Halo 3‘s original servers may have recently shut down, but the multiplayer maps and game-modes can still be played on Halo: The Master Chief Collection. Not everyone will enjoy them. In fact, like with its two predecessors, the old-school Halo pacing and gameplay style in Halo 3 may feel slow and laborious. Unfortunately, that’s because we’re so used to games like Fortnite and Call of Duty (or, indeed, Halo Infinite) where everything moves at a million miles per hour. For a start, there’s no sprint option in Halo 3, something which Halo: Reach would ‘correct’. Still, it’s the last of the classic Halos and offers the definitive Halo experience. Heck, Halo: Reach multiplayer even threw in a playlist titled ‘Classic’, a game-mode featuring old weapon specs and play styles, implying that any Halo title from that point on (including itself) is ‘non-classic’.

Halo 3 multiplayer
Image: Bungie.net

New Console Generation

Okay, this one’s also a little time-dependent, but the generational jump from Halo 2 to Halo 3 was a lot bigger than, say, the jump from Halo 5: Guardians to Halo Infinite. It was 2007, and this was the new Xbox 360 age when graphical capabilities really stepped up and more and more gamers were flocking online, even if Halo 2 already had a massive enough multiplayer population as it was. That made booting up Halo 3 for the first time an incredible experience. Around the same time, equally momentous games like Grand Theft Auto IV were hitting the market, complete with massive worlds and breathtaking scenery (think of the differences between that and Grand Theft Auto: San Andreas, for example). Bottom line is: Halo 3 was a lot more impressive in 2007 than Halo Infinite is in 2022. Period.

Magic Number

Going by that ‘third time’s the charm’ formula outlined at the start of this article, it then begs the question: what do the games after the third installment actually do? Well, usually not much. After a series rises and hits that number three sweet spot, it’s kinda difficult for any future title to replicate that perfection without seeming like a mere carbon copy, thereby forcing developers to introduce new gimmicks (some good, some bad) or veer in slightly different directions.

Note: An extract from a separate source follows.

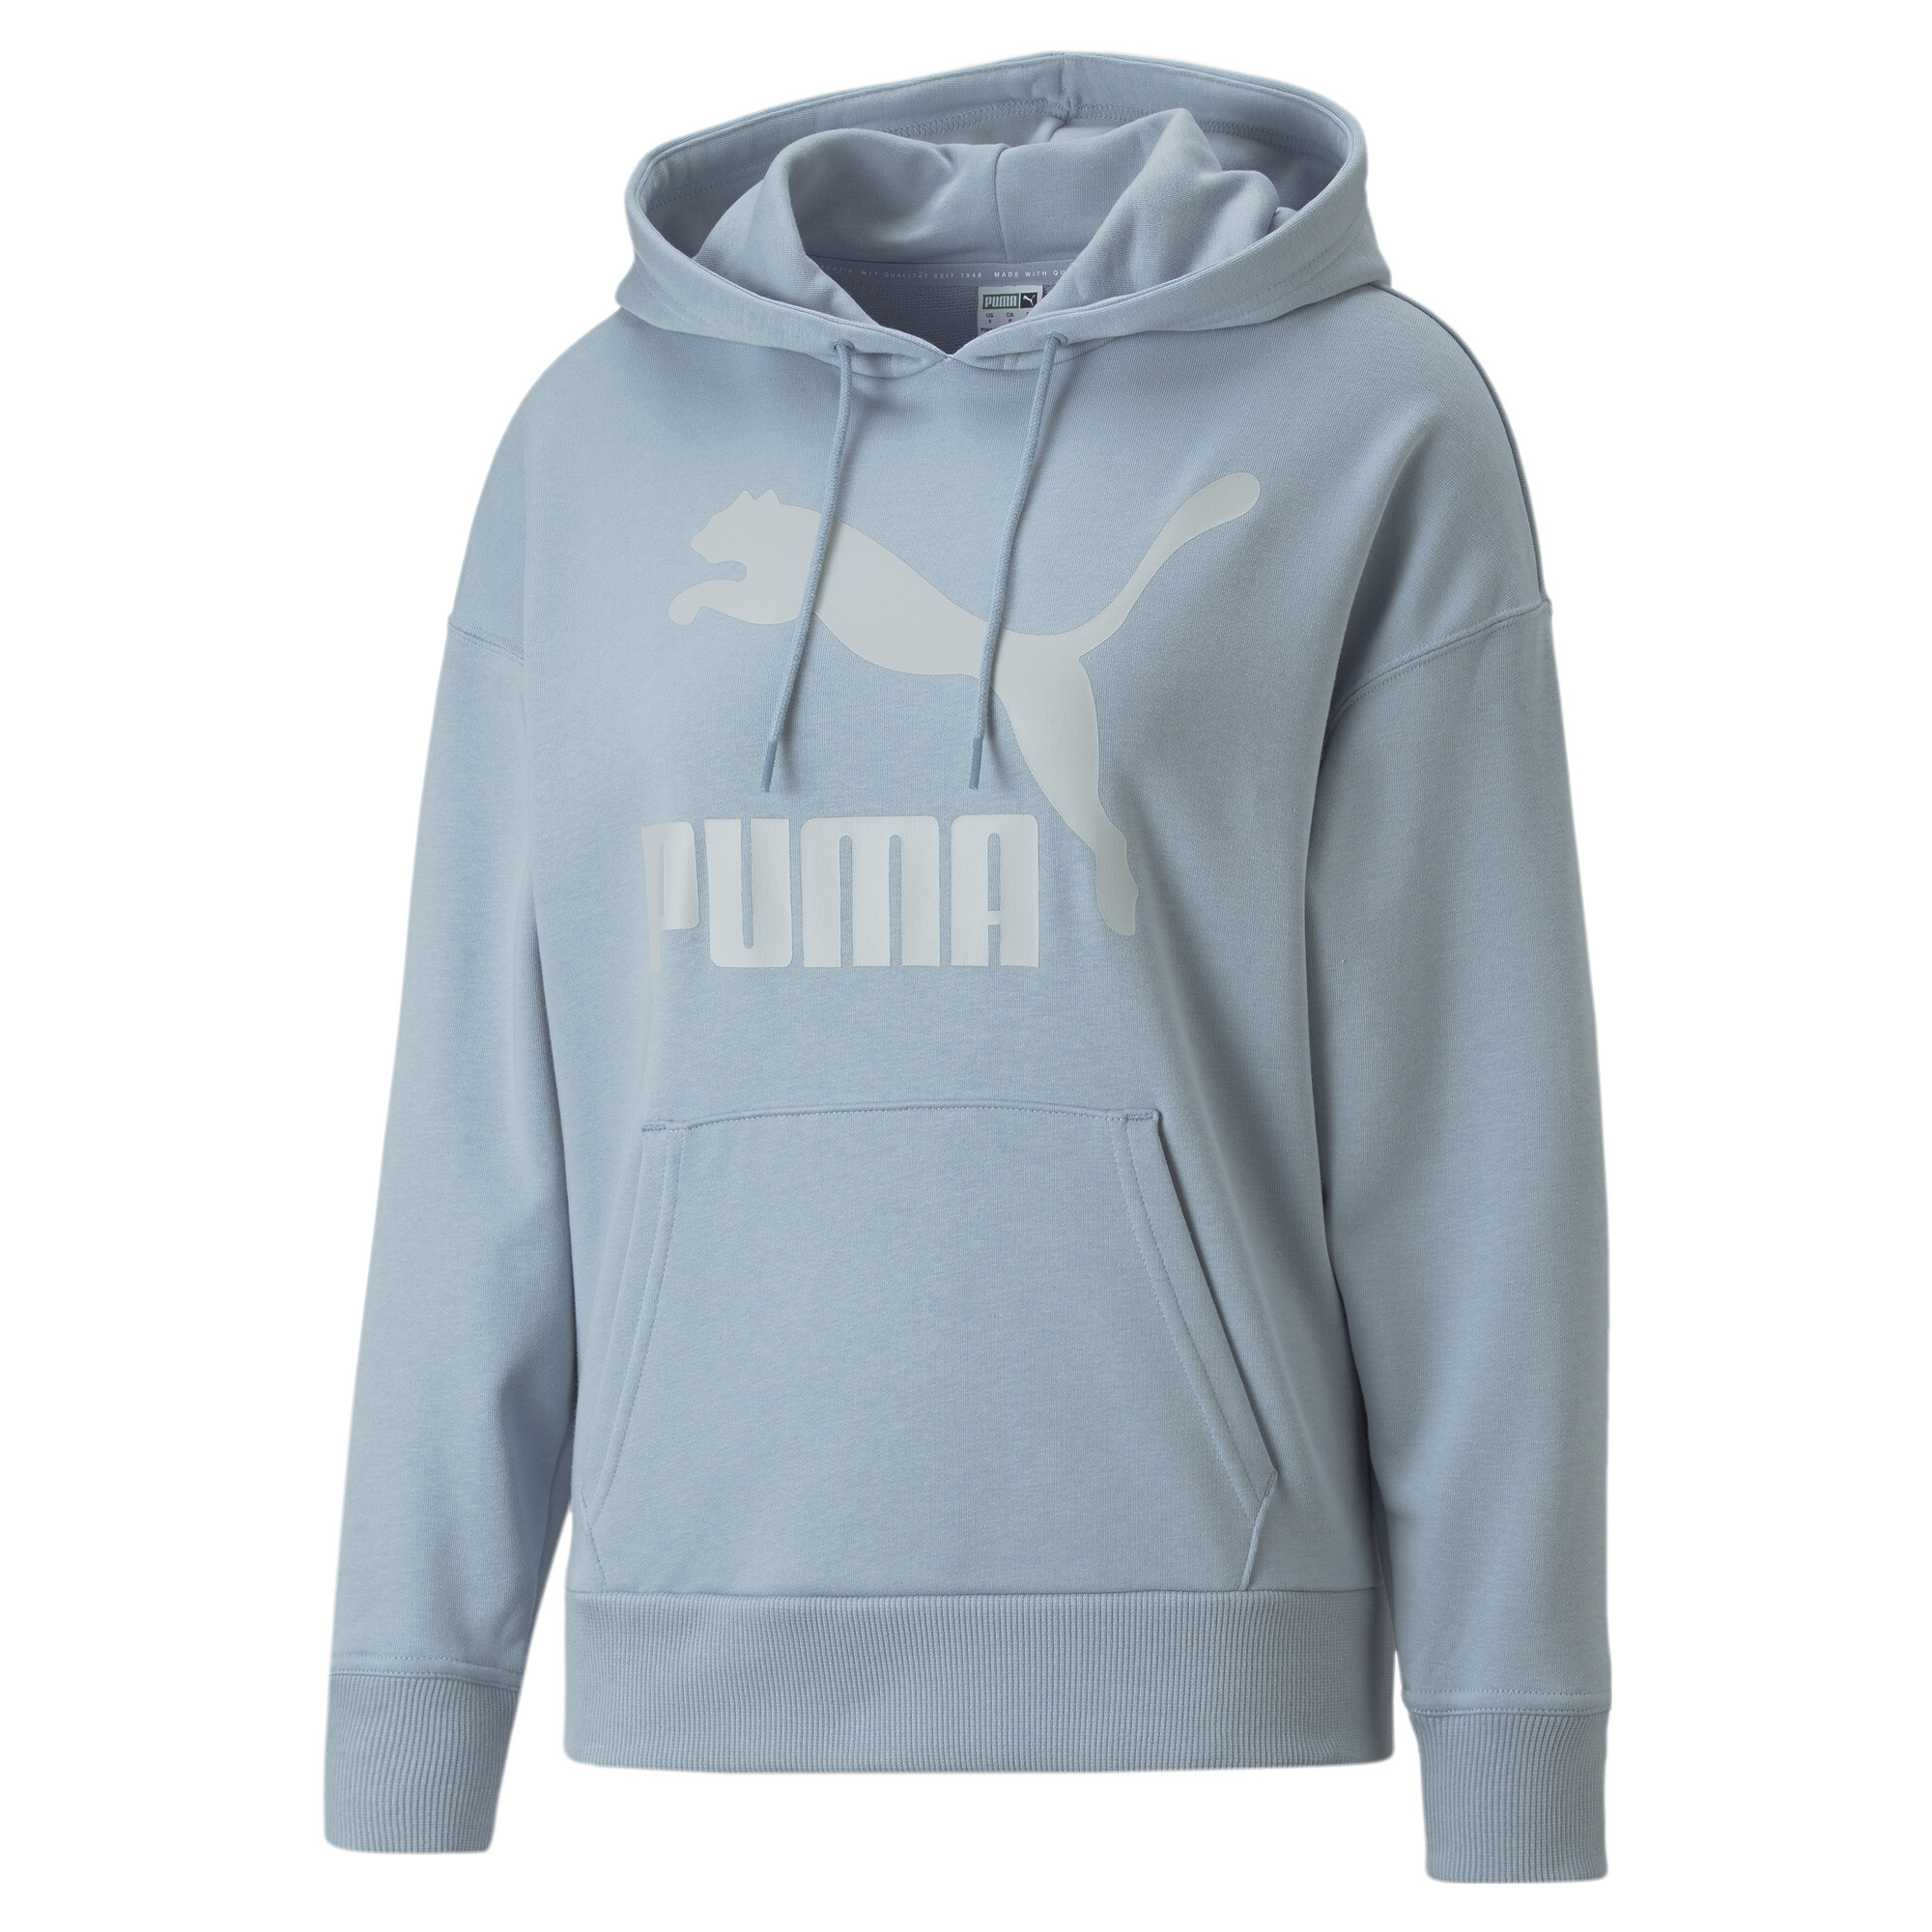 PUMA Women's Classics Logo Hoodie | eBay

Indeed, Halo Infinite is the latest proof of a long decline, as ever since Halo 3, the series has been on a downturn. Not a plunge, mind you, but a downturn nonetheless. Frankly, if it ended there and then, it wouldn’t be any worse off.

Hailing from Troon, Scotland, Michael is a plucky wordsmith and all-around pop culture enthusiast who believes that games and films are more than just a casual pastime and deserve to be thought and written about. Most of them, anyway! When he’s not working, writing, or out hiking in nature, he also enjoys old black-and-white horror films, matching his dark sense of humor.

3 Comments

3 Comments

  1. Jaime Hernandez

    April 2, 2022 at 11:48 pm

    Regarding a sweet spot, Titles flop between 3 and 4: Street Fighter 4, Resident Evil 4 and Black ops 4 are still great even after 3. I agree with a lot on this article; halo 3 will always be a clasSic. Modern games now have to be keen to trends, novelty and hEalthy doses of REMINISCENCES in order to keep up, or be left behind by titles who focus on meshing trends with fans such as fortnite or escape from tarkov. Infinite has so much potential and now risks running the line between pleasing fans and duplicating what is being done right at the moment..

  2. Alex

    April 3, 2022 at 3:44 am

    Halo 4 is the best in my opinion. Why are all my letters and caps?

    Halo 3 is crazy emotional and legendary overall for sure. I got to level 46 in double teams.

  3. andrewsqual

    April 6, 2022 at 12:14 pm

    Whoa, don’t recall anyone ever claiming Infinite to be the best lol. It can be ranked in against 343i’s other disappoints the past decade but it can’t even touch Bungie’s worst Halo game.